WORK ITEM ->
Beginning at the line that holds "Pasta Garofalo celebrates" and continuing to the last line of the data below, transcribe every line word for word, without pictures.

GIVEN DATA ->
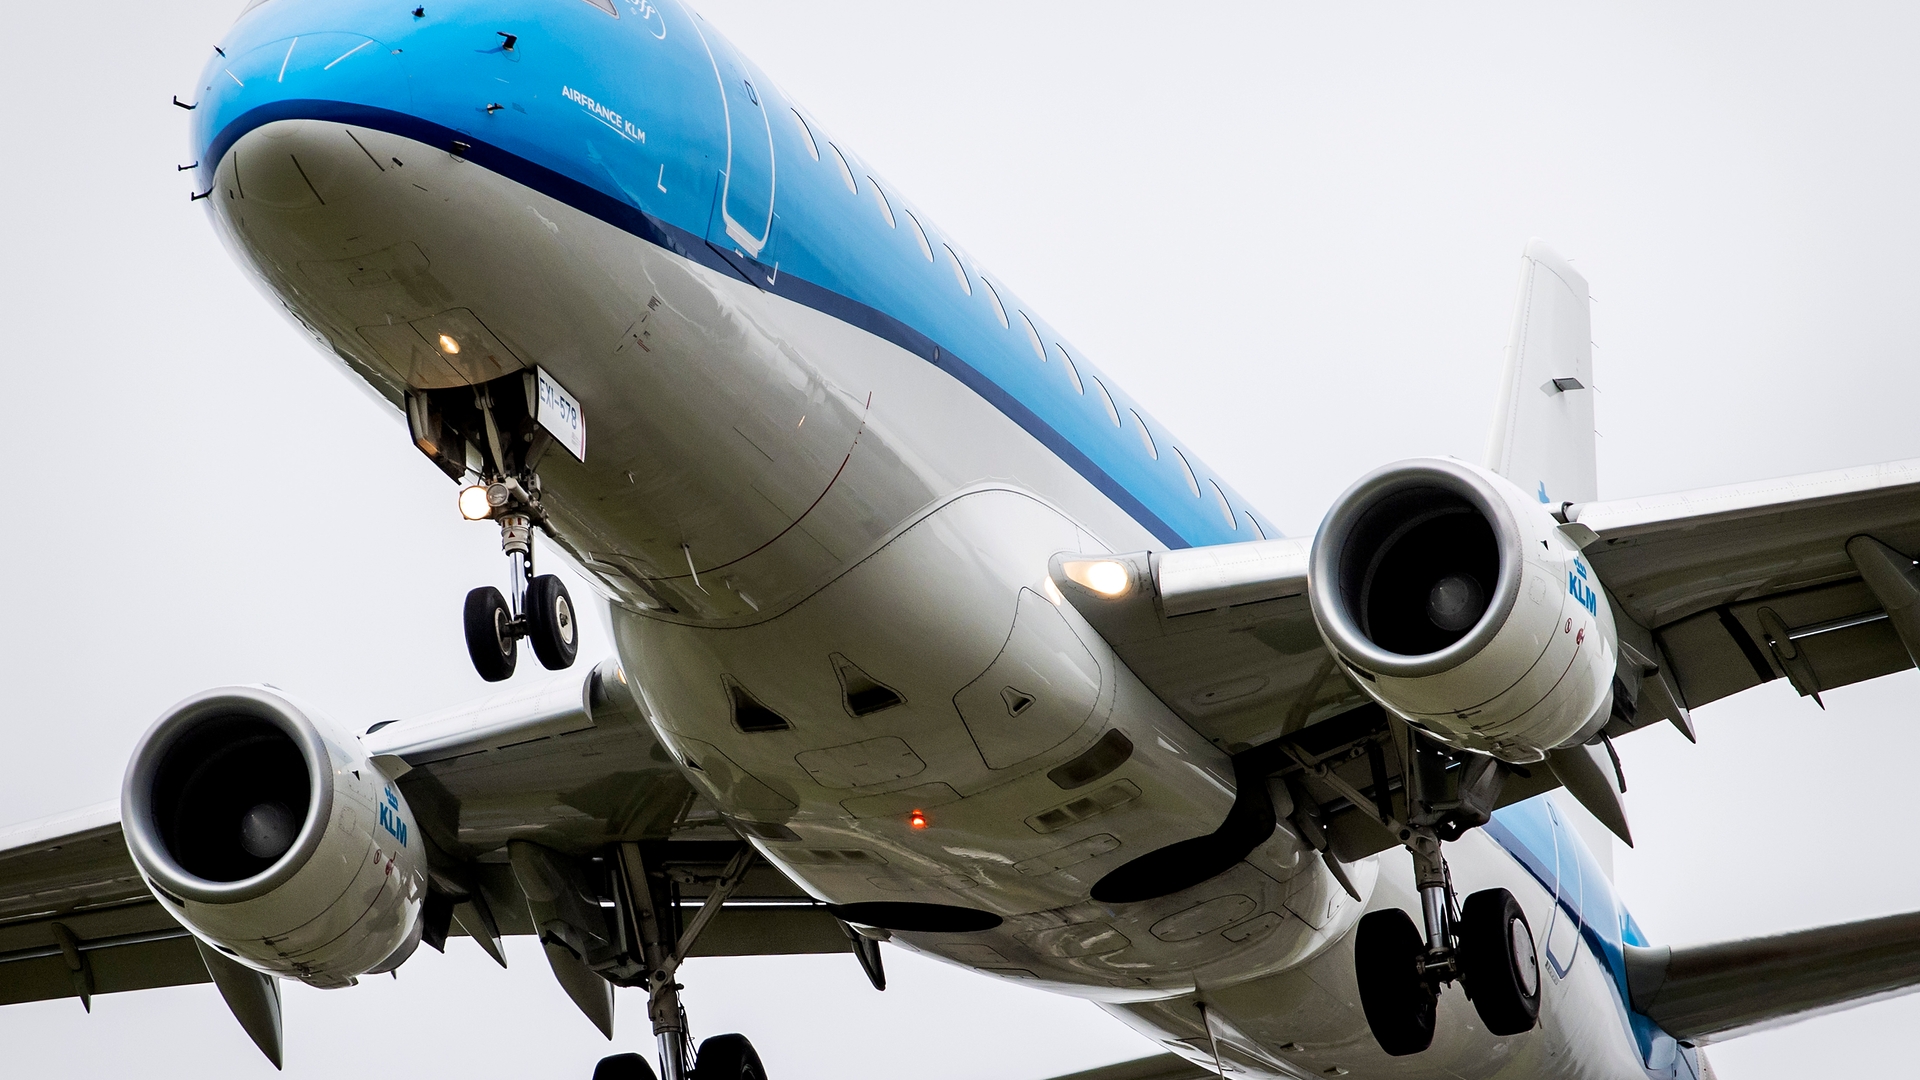 Crisisoverleg bij KLM met bonden over loonmatiging
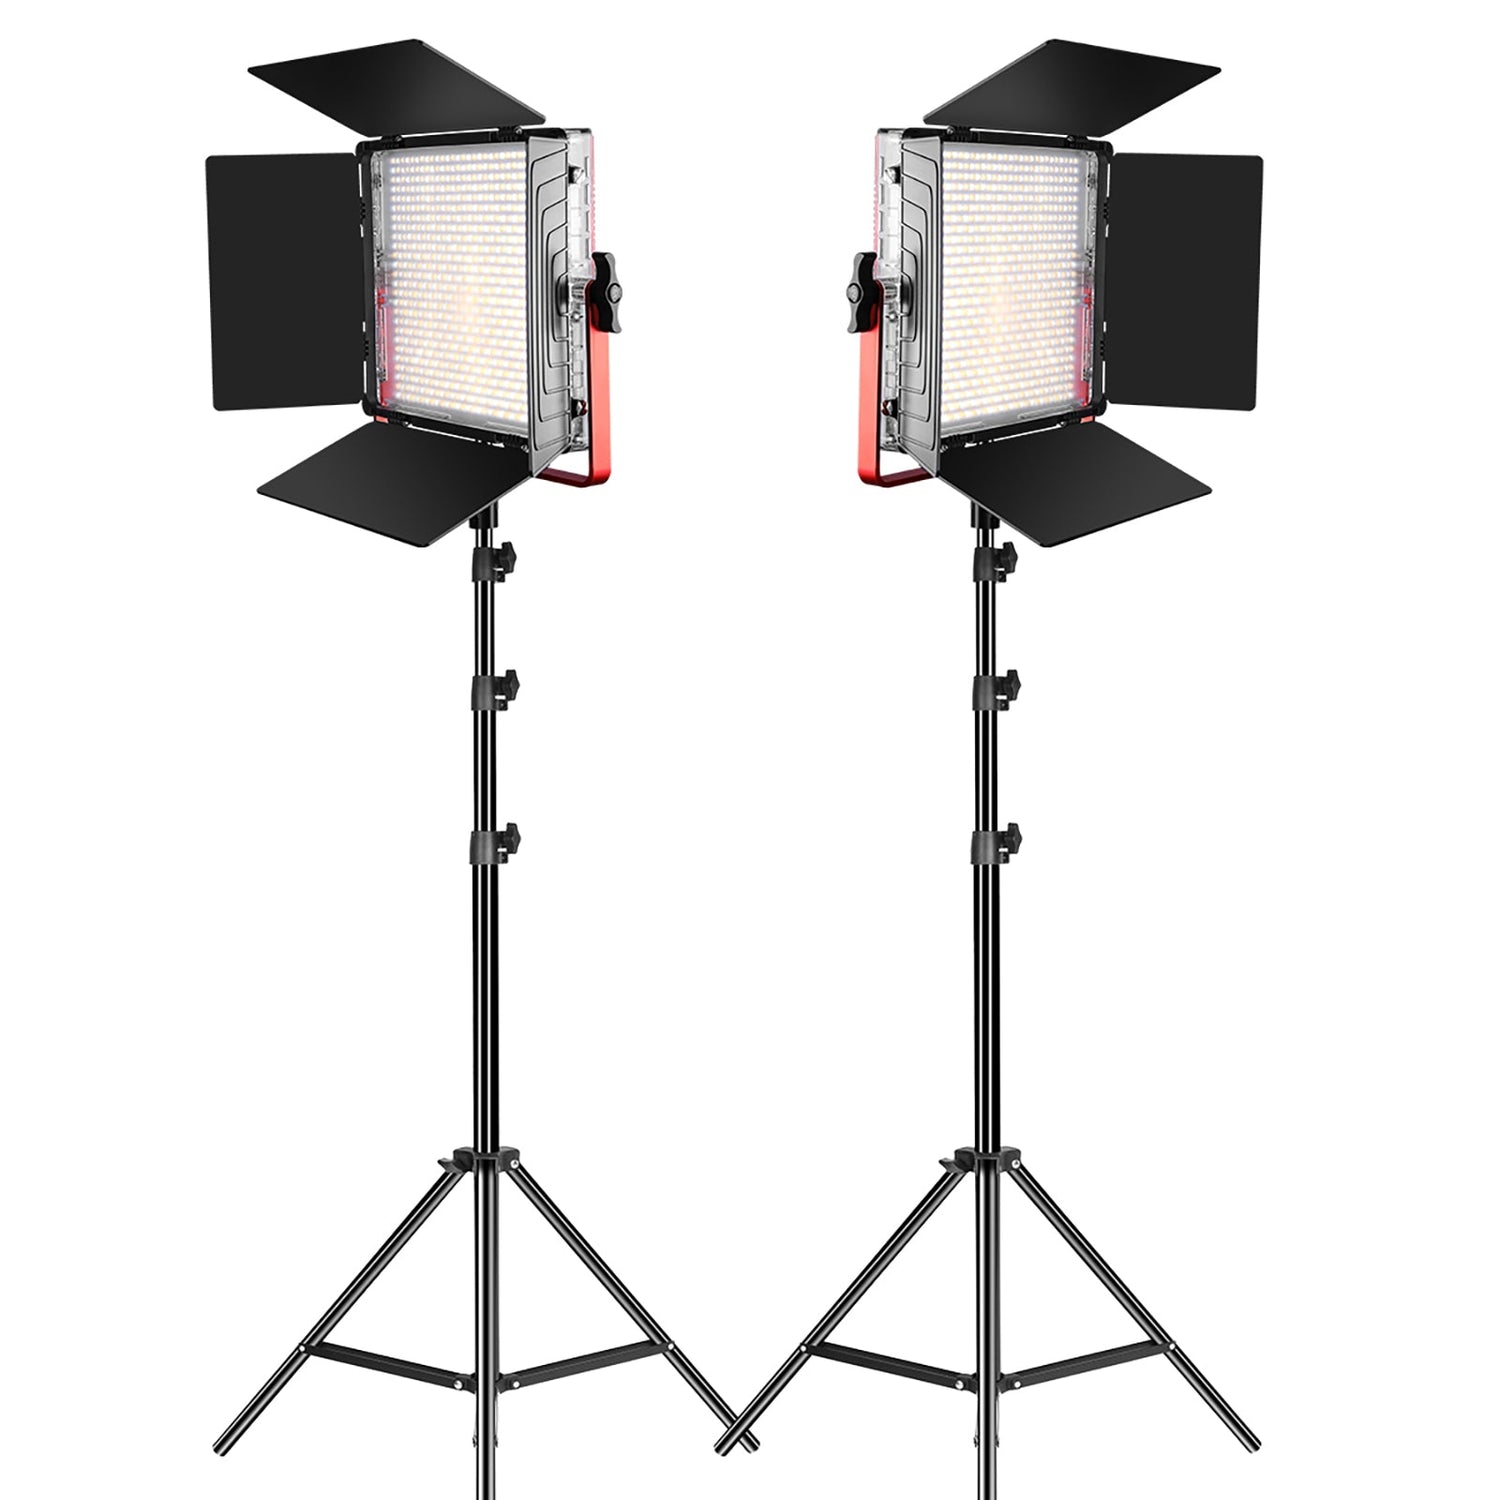 gvm mb832 led studio video light bi color 2 light kit - GVMLED
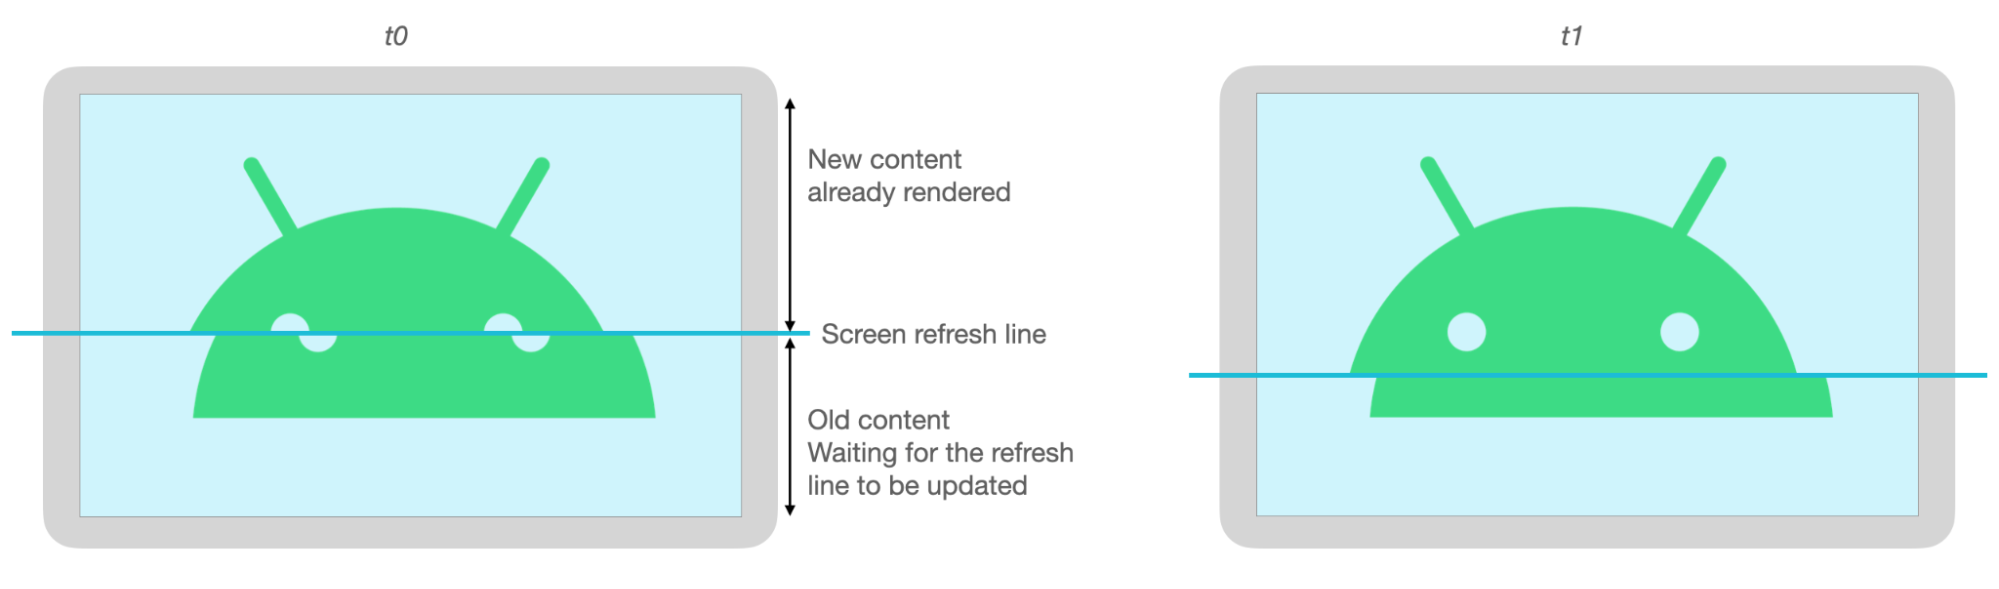 Las partes inferior y superior de la imagen de Android no están alineadas debido al seccionamiento cuando se actualiza la pantalla.
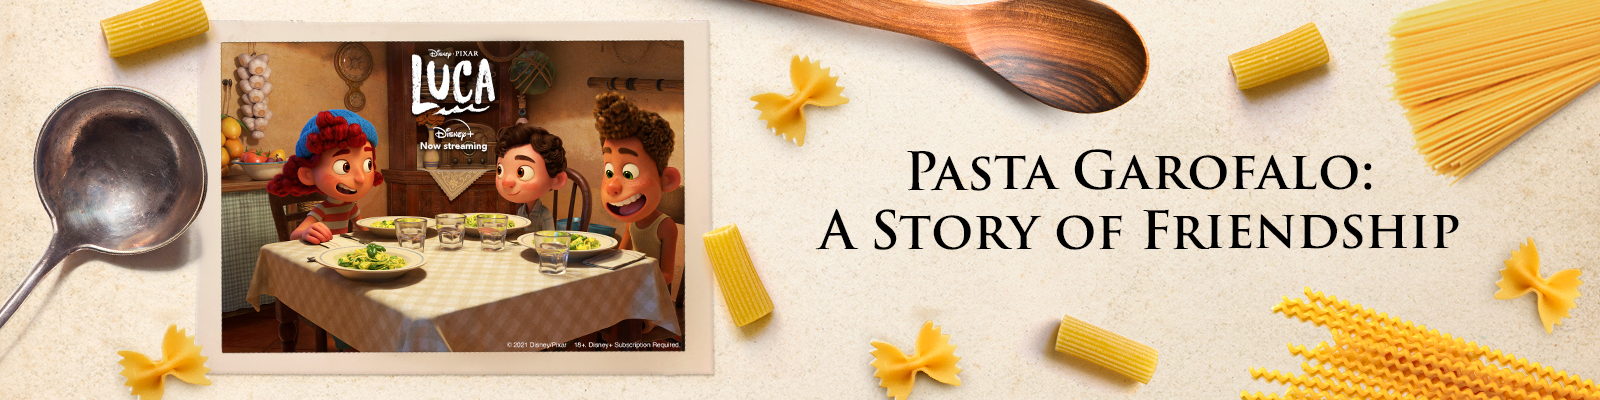 Pasta Garofalo celebrates friendship with the #AmiciPerLaPasta campaign
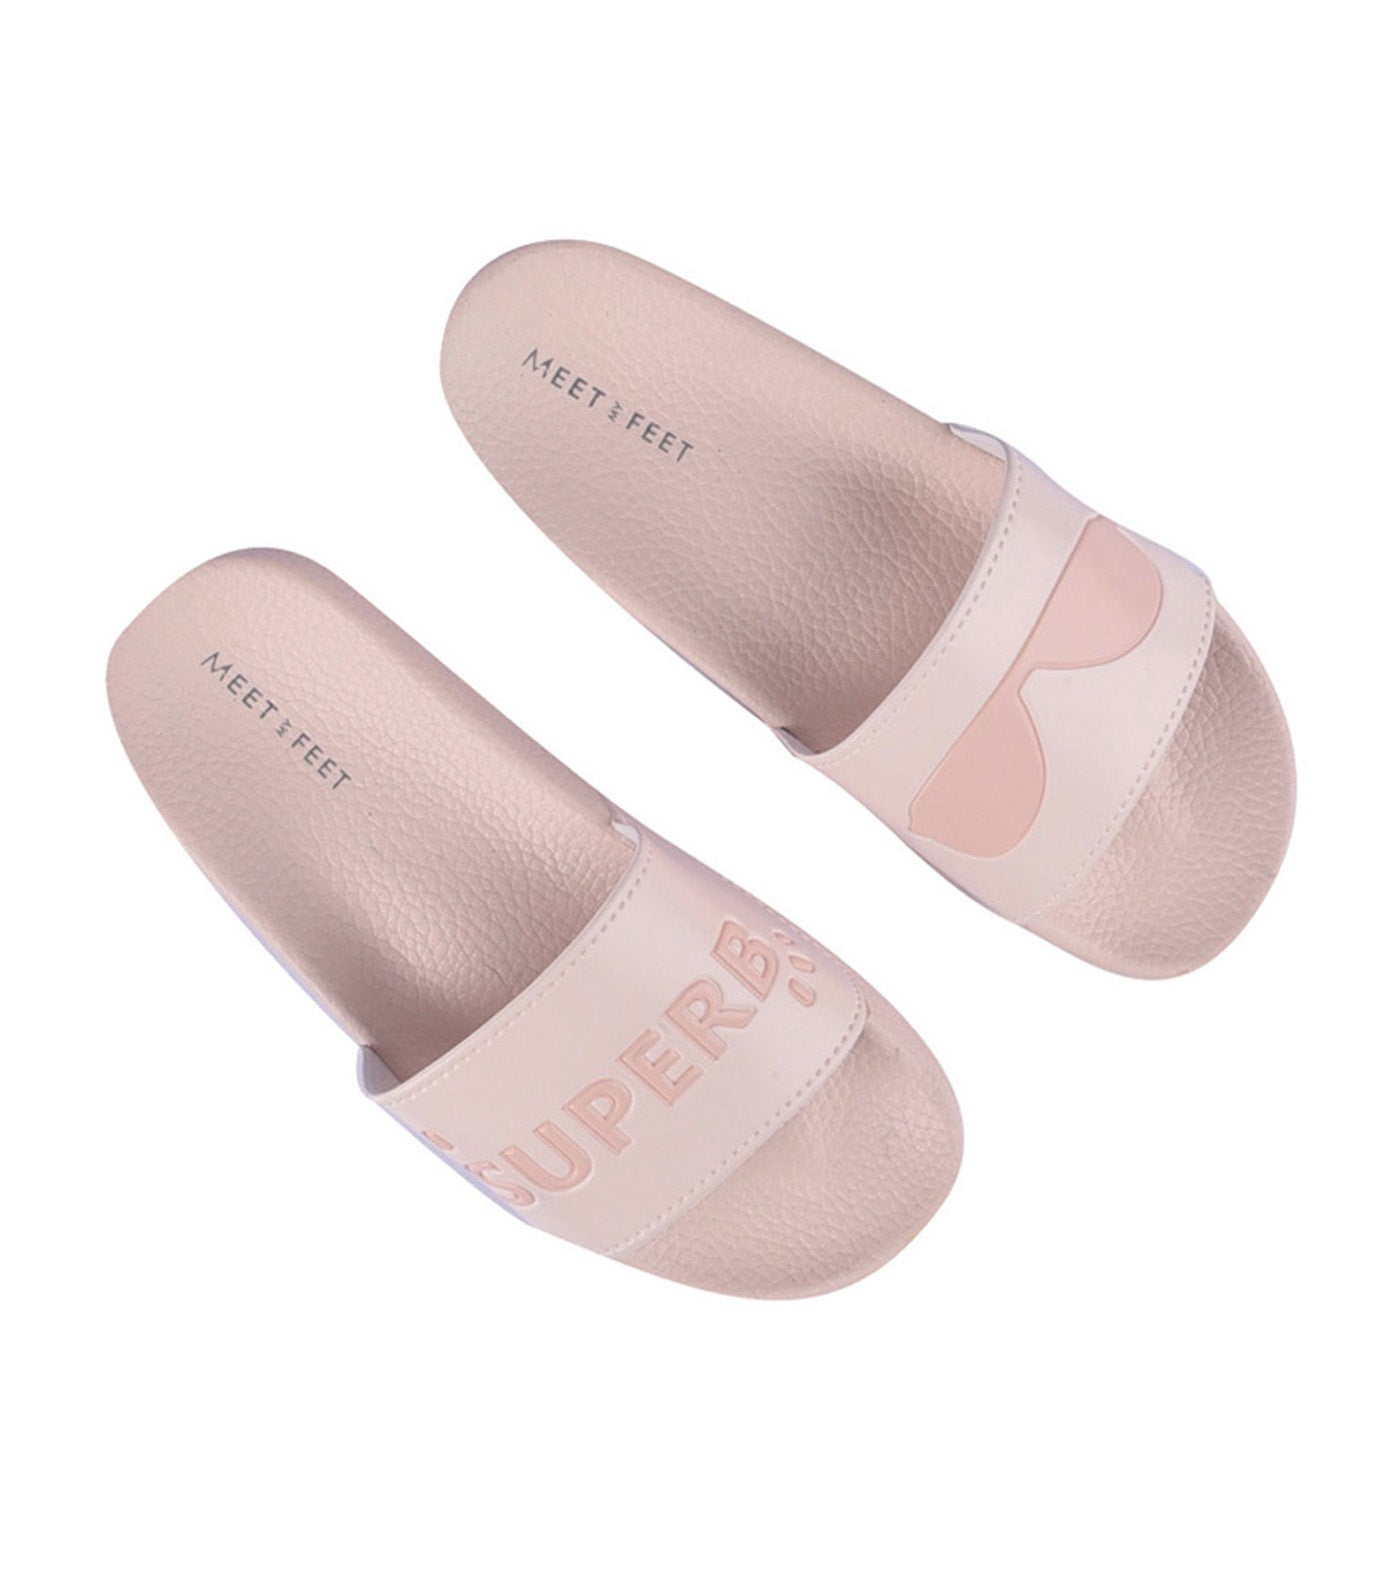 meet my feet pink superb slippers

ANSWER BOX ->
 Pasta Garofalo celebrates friendship with the #AmiciPerLaPasta campaign
 meet my feet pink superb slippers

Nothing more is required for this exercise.